WHAT TO DO>
Where a picture shows up in the listing below, omit it and output the rest exactly.

STORED DATA>
----------------------------------------
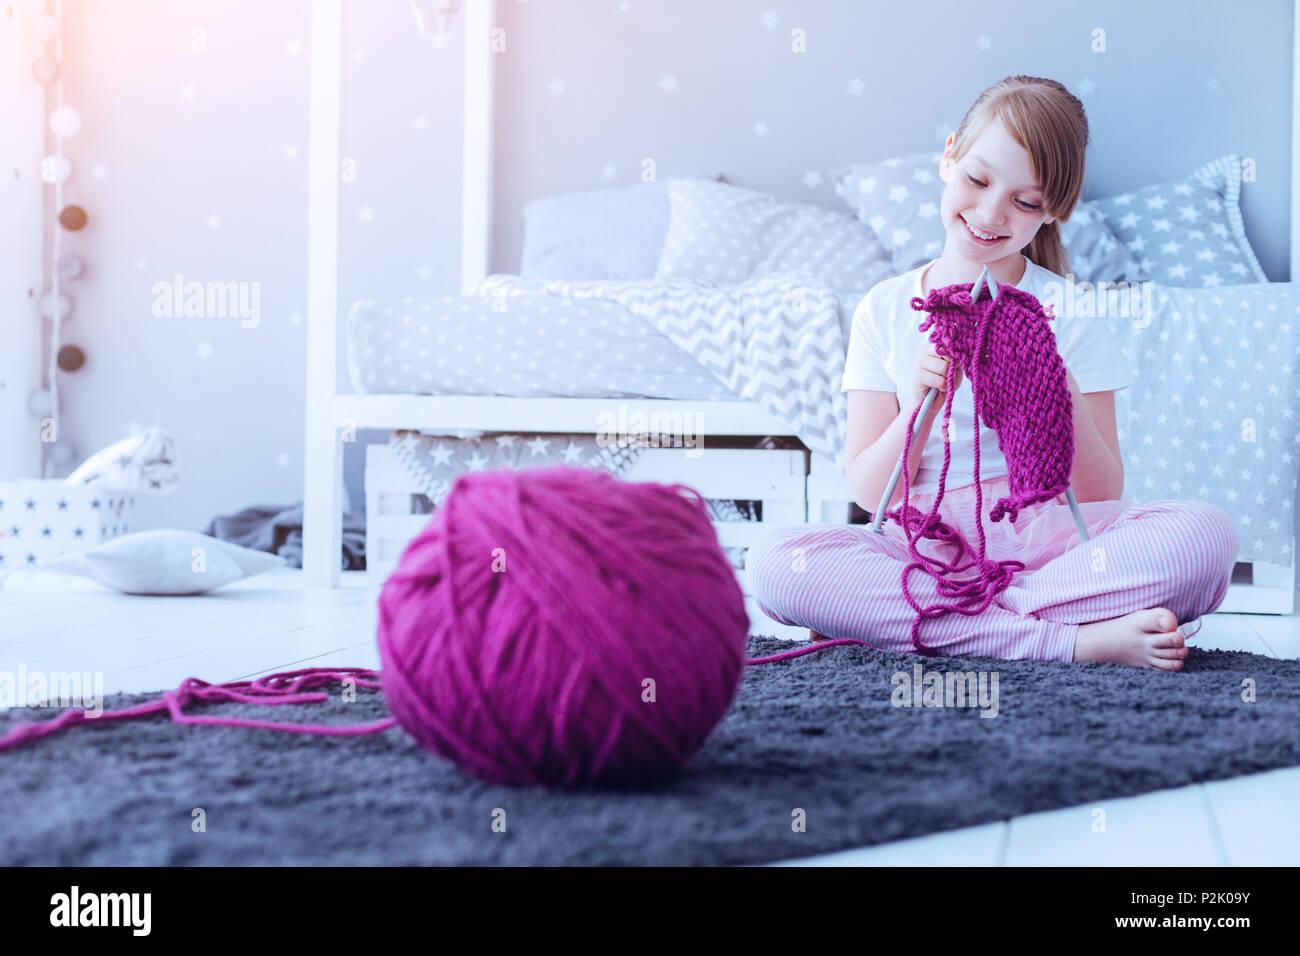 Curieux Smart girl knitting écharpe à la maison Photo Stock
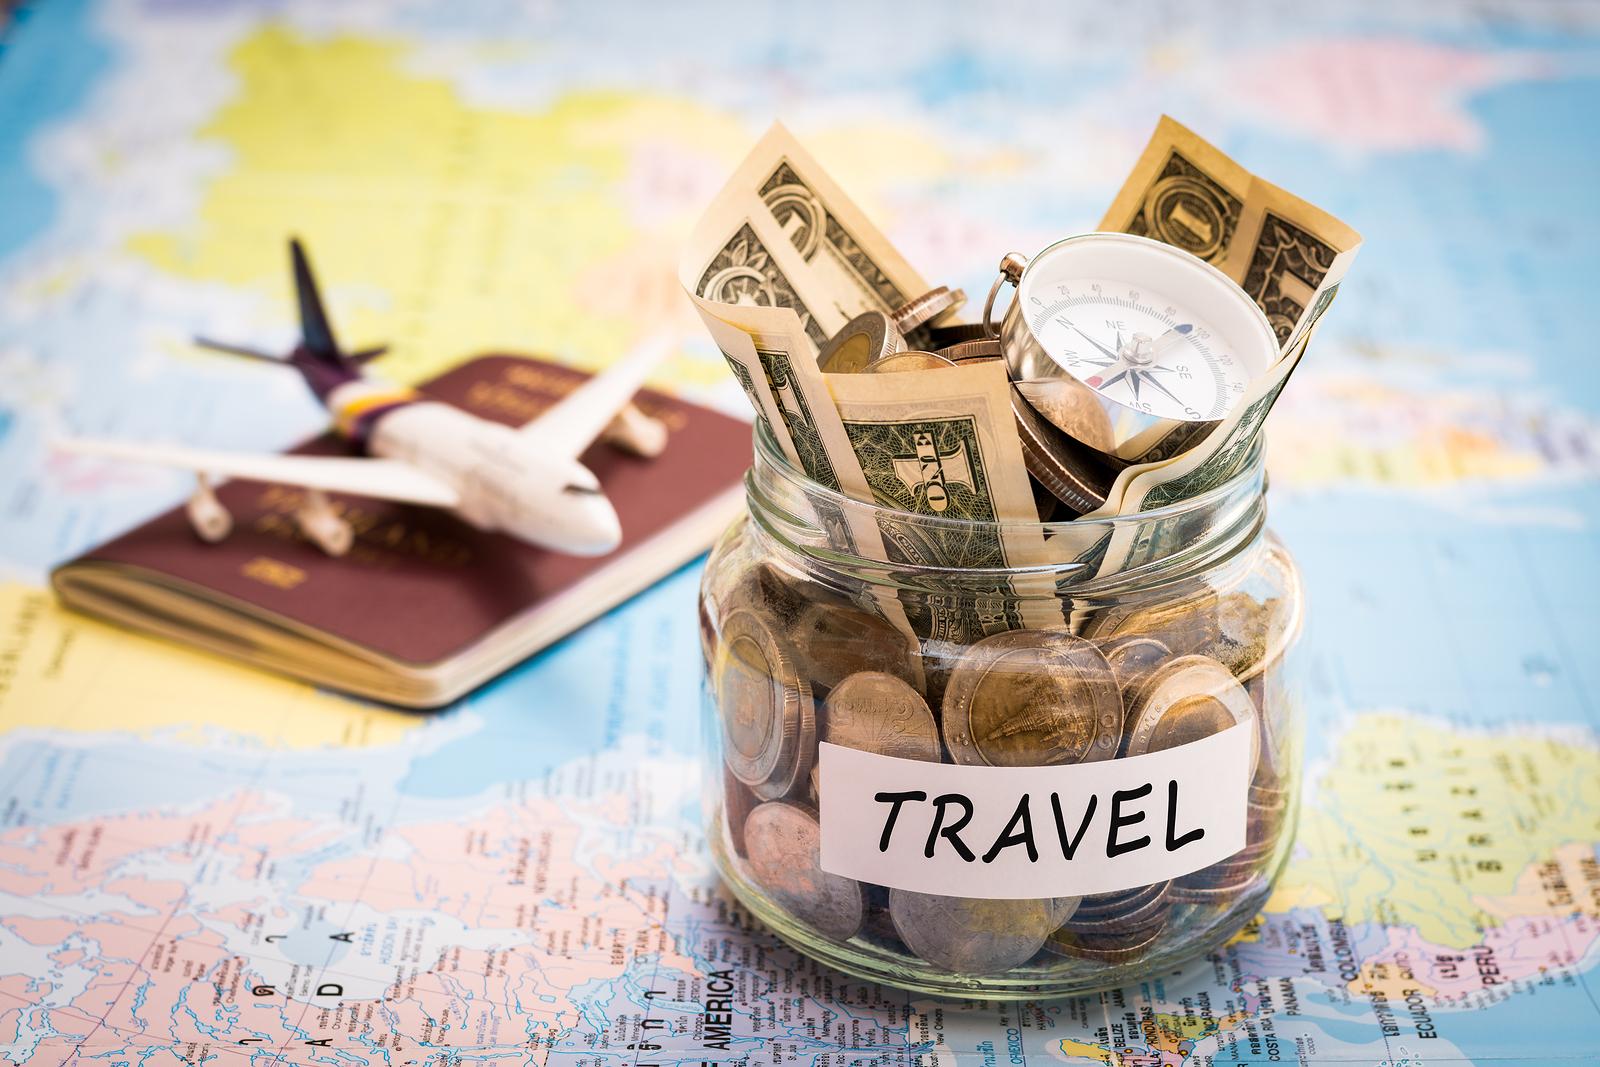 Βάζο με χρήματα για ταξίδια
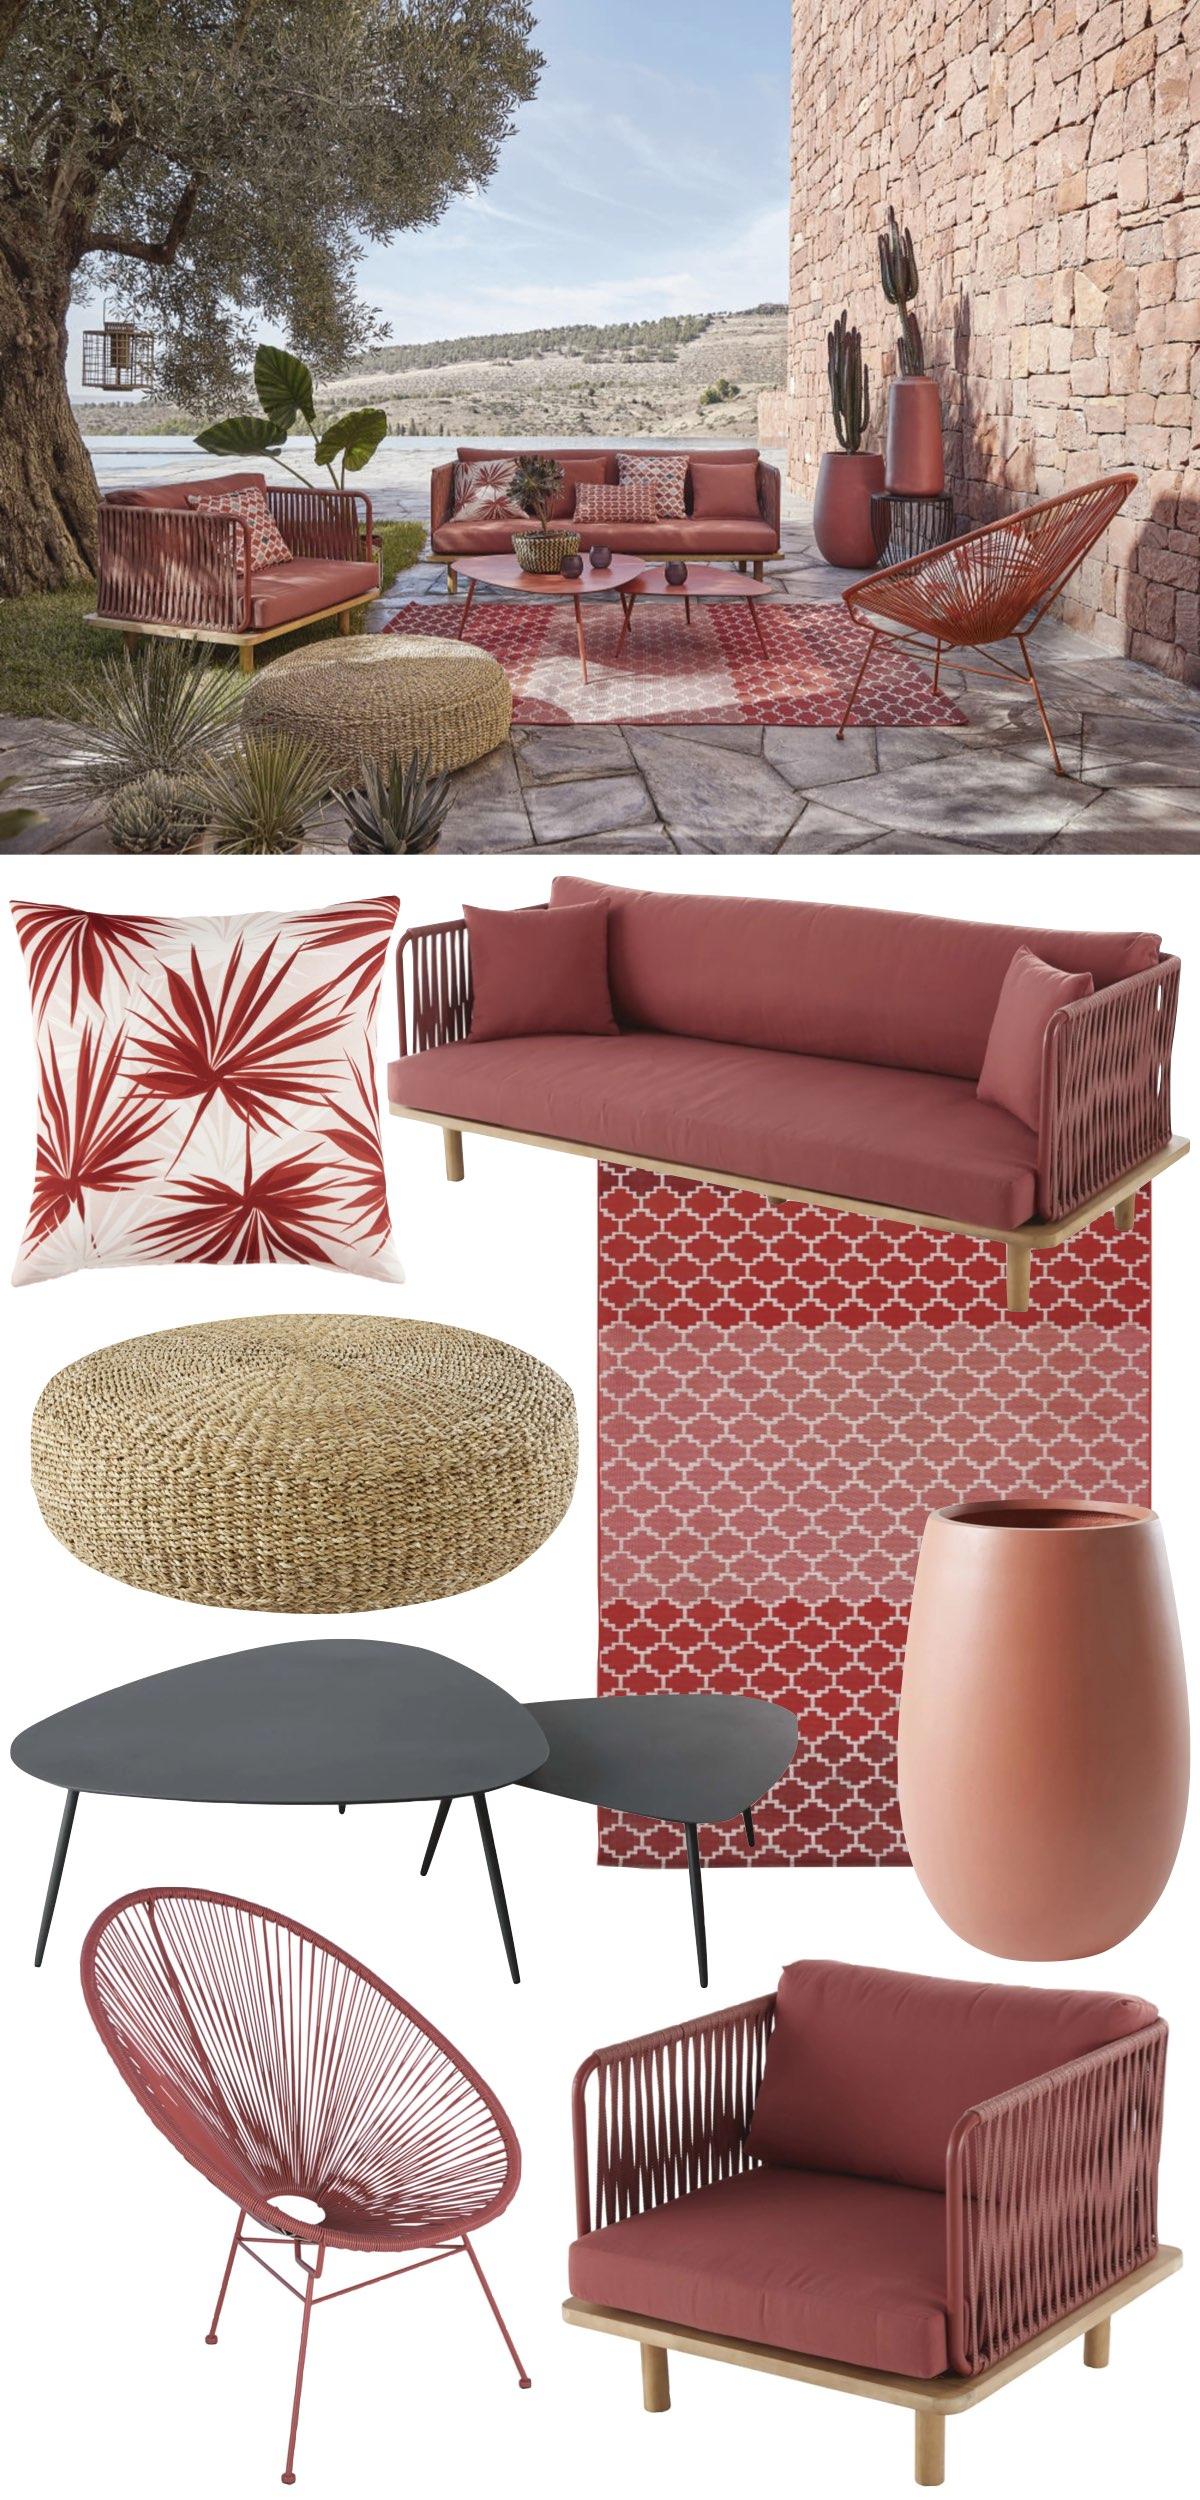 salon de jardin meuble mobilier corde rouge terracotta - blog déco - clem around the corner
----------------------------------------
SOLUTION FOR THIS PROBLEM>
 Curieux Smart girl knitting écharpe à la maison Photo Stock
 Βάζο με χρήματα για ταξίδια
 salon de jardin meuble mobilier corde rouge terracotta - blog déco - clem around the corner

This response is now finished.